Radio Białystok | Gość | Lech Kołakowski [wideo] - z klubu parlamentarnego PiS
"6 mln obywateli RP zostało zabitych, zamordowanych, zakatowanych przez Niemców. Gdyby oni żyli, zapewne urodziłoby się około 20 mln Polaków. Sprawy gospodarcze można po jakimś czasie odrobić, ale potencjał biologiczny został na stałe utracony. To jest nasza wielka strata" - mówi Lech Kołakowski.
Białystok jest w czołówce miast, w których zginęło najwięcej mieszkańców podczas niemieckiej okupacji. Tak wynika z raportu o stratach poniesionych przez Polskę w wyniku agresji i okupacji niemieckiej w czasie II wojny światowej. Hitlerowcy zabili prawie 50 tysięcy białostocczan. Więcej osób zginęło tylko w Lublinie, Krakowie, Łodzi i w Warszawie, która straciła 700 tysięcy mieszkańców. Raport przygotował zespół parlamentarny, a w jego pracach uczestniczył podlaski poseł Lech Kołakowski. O szansach na uzyskanie odszkodowania od Niemiec rozmawia z nim Renata Reda.
Renata Reda: Czy obecna sytuacja polityczna na świecie jest dobra, by podejmować temat reparacji od Niemiec?

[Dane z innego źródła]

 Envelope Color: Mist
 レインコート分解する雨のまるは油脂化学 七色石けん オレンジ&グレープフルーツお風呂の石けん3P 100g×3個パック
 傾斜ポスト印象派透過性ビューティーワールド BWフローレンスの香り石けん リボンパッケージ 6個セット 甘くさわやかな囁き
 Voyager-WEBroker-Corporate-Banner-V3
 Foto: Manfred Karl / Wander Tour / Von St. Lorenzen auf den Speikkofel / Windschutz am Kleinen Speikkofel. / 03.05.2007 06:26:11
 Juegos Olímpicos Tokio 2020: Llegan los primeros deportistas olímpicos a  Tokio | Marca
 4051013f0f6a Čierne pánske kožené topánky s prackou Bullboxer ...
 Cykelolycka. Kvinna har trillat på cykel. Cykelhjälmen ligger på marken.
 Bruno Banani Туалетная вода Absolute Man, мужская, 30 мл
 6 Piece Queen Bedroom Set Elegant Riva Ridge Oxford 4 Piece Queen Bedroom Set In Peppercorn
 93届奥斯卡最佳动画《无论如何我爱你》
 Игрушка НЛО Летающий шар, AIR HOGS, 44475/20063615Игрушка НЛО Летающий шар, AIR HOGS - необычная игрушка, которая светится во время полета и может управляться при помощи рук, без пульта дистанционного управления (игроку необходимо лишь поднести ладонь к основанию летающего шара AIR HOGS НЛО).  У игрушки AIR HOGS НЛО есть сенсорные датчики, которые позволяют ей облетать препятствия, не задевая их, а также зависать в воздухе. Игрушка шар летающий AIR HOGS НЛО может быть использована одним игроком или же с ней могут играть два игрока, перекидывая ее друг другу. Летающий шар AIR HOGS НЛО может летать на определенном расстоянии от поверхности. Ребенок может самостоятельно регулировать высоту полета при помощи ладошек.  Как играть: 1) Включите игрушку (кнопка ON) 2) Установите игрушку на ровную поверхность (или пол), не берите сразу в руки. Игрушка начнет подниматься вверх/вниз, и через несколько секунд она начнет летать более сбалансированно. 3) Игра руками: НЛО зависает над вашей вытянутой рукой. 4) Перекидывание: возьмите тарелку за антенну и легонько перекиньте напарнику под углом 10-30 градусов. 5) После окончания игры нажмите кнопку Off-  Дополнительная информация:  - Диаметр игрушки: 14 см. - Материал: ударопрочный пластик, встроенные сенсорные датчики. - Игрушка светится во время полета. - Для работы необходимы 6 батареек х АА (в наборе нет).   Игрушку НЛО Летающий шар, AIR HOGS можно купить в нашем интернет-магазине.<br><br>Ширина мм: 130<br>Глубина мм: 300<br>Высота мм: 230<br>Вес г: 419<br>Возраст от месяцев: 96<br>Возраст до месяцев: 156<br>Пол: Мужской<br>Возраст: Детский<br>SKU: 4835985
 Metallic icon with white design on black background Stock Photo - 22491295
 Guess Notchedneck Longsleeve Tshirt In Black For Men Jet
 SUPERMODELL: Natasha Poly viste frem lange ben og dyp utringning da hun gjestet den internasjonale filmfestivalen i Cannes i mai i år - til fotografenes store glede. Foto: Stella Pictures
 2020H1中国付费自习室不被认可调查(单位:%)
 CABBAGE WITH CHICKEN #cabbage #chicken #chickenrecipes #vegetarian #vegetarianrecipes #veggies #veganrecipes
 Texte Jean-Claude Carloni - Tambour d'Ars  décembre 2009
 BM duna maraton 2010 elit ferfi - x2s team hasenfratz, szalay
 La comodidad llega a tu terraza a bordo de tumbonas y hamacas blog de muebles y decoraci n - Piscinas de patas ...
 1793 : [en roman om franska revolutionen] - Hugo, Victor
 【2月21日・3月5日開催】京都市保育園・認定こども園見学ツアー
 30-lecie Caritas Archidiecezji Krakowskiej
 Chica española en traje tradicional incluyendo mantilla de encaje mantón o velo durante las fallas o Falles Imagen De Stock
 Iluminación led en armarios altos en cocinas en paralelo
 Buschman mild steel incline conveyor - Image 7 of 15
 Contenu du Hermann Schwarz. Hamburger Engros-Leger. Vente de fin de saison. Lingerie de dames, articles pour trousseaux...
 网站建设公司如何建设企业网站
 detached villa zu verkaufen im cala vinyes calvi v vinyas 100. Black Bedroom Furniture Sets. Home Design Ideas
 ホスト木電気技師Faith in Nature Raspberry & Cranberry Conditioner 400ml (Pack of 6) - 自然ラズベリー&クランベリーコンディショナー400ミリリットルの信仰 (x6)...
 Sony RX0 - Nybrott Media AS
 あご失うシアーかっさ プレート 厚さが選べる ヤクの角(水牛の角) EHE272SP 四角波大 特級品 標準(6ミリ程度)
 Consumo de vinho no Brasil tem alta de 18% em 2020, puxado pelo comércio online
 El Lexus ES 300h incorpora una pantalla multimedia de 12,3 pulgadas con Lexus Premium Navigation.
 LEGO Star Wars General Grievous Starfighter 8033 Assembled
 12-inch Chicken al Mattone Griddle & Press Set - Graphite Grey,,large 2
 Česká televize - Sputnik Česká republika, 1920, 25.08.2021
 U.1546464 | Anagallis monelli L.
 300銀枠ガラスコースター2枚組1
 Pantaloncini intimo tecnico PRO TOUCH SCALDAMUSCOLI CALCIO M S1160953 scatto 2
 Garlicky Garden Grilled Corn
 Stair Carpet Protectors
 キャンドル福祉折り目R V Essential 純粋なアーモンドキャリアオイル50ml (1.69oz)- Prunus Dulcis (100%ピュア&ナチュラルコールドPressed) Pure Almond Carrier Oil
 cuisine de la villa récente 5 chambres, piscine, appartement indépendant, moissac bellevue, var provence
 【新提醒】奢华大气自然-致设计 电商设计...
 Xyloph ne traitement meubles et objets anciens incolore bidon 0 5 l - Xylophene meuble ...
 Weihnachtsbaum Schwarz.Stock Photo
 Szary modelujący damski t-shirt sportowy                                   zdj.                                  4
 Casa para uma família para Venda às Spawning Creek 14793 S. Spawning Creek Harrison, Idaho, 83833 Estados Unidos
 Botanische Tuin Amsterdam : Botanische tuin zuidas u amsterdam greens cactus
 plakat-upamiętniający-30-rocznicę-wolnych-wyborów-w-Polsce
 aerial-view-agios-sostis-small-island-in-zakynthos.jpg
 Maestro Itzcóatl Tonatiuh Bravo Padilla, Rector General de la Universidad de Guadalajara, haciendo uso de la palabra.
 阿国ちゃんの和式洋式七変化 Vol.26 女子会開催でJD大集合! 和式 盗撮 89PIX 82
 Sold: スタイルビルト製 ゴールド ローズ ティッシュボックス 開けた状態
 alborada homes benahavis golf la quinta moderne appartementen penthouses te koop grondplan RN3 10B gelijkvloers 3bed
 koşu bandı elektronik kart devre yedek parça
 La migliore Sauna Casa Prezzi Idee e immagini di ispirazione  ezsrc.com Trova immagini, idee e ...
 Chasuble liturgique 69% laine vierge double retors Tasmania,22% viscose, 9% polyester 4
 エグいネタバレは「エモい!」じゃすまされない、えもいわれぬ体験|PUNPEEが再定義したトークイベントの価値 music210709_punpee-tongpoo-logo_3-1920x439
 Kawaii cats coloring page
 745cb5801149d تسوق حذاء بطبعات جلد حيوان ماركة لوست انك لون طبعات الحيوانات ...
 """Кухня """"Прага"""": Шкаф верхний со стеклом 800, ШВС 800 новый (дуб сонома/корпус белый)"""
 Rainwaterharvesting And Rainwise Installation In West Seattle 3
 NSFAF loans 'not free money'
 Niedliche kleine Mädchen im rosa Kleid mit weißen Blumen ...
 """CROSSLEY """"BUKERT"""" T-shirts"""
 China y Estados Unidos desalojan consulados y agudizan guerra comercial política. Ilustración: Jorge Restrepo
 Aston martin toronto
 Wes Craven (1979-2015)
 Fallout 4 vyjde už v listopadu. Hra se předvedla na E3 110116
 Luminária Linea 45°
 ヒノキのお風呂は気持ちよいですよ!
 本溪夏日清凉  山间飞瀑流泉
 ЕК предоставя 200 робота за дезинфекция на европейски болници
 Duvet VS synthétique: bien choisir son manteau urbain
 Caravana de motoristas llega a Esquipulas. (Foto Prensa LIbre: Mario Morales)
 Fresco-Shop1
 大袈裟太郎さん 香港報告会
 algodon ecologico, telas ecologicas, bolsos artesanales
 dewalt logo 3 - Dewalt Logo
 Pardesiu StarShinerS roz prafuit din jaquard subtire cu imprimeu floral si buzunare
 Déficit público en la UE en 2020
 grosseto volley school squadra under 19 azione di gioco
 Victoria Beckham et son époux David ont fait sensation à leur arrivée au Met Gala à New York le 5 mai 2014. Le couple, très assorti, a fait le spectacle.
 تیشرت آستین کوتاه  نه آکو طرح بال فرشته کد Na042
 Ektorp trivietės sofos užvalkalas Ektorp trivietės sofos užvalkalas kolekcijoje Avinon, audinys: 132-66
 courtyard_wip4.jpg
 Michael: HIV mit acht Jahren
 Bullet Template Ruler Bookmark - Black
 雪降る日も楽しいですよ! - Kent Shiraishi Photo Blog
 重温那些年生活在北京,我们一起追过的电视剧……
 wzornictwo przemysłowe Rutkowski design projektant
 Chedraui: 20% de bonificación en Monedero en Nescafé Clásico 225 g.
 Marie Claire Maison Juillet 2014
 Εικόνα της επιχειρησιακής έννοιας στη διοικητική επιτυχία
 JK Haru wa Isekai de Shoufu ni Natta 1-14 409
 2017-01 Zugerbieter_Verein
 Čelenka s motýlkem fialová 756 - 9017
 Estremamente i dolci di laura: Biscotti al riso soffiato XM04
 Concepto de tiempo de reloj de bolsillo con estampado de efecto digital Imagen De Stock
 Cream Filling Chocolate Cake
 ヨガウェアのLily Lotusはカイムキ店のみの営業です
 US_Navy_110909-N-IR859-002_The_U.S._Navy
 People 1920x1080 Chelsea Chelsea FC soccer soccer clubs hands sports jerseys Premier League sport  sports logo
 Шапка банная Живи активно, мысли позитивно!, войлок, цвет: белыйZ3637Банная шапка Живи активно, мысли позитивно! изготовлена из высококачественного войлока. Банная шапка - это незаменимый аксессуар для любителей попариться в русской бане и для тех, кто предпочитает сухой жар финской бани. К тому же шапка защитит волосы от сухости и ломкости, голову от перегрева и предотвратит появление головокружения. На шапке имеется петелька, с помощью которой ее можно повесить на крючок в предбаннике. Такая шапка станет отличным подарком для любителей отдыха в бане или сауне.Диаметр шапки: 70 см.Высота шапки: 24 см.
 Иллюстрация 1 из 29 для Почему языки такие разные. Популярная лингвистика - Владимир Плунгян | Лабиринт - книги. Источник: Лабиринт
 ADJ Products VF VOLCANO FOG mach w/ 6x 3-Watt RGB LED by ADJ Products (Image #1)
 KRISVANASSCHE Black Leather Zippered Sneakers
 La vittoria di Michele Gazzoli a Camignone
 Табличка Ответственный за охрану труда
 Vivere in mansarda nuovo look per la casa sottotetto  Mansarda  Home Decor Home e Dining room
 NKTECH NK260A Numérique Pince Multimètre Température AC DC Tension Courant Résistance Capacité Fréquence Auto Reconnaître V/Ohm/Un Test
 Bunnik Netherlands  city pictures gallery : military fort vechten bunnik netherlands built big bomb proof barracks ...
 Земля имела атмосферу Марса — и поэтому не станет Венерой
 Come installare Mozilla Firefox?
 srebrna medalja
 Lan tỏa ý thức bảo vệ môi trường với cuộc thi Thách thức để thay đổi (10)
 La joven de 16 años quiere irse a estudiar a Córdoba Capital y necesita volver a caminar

Lech Kołakowski: Tak. Konflikt na wschodniej granicy Polski, w Ukrainie, pokazuje, że jednak tego typu kwestie związane z '39 rokiem, reparacje, odszkodowania dla państwa polskiego związane z napaścią Niemiec hitlerowskich na Polskę, zniszczeniem części potencjału biologicznego, zniszczenie gospodarki, kultury, naszej tradycji, naszego dorobku intelektualnego, jest koniecznością, abyśmy upomnieli się o to, co Niemcy hitlerowskie zniszczyli.
Jakie ma pan rozeznanie, jeśli chodzi o nastroje wśród przywódców państw europejskich? Jak oni zapatrują się na tę sprawę?
Ta sytuacja prawna dotyczy relacji dwóch państw: Polski, jak również Niemiec. Nie ma dzisiaj żadnych sądów, instancji krajowych, europejskich czy światowych, które podjęłyby się proceduralnie do kwestii wyjaśnienia tych spraw związanych z reparacją. Tu musi dojść do porozumienia pomiędzy państwami Polski i Niemiec. Jest to jedyna droga i musi być ona skuteczna. Natomiast partner niemiecki musi dojrzeć do tej kwestii związanej z reparacjami, bo jednak to państwo niemieckie, Niemcy hitlerowskie napadły na naszą ojczyznę i ją zniszczyły.
Jak pan ocenia, jak bardzo realne jest uzyskanie odszkodowania od Niemiec, skoro niemieckie MSZ konsekwentnie powtarza, że kwestia reparacji jest już zakończona.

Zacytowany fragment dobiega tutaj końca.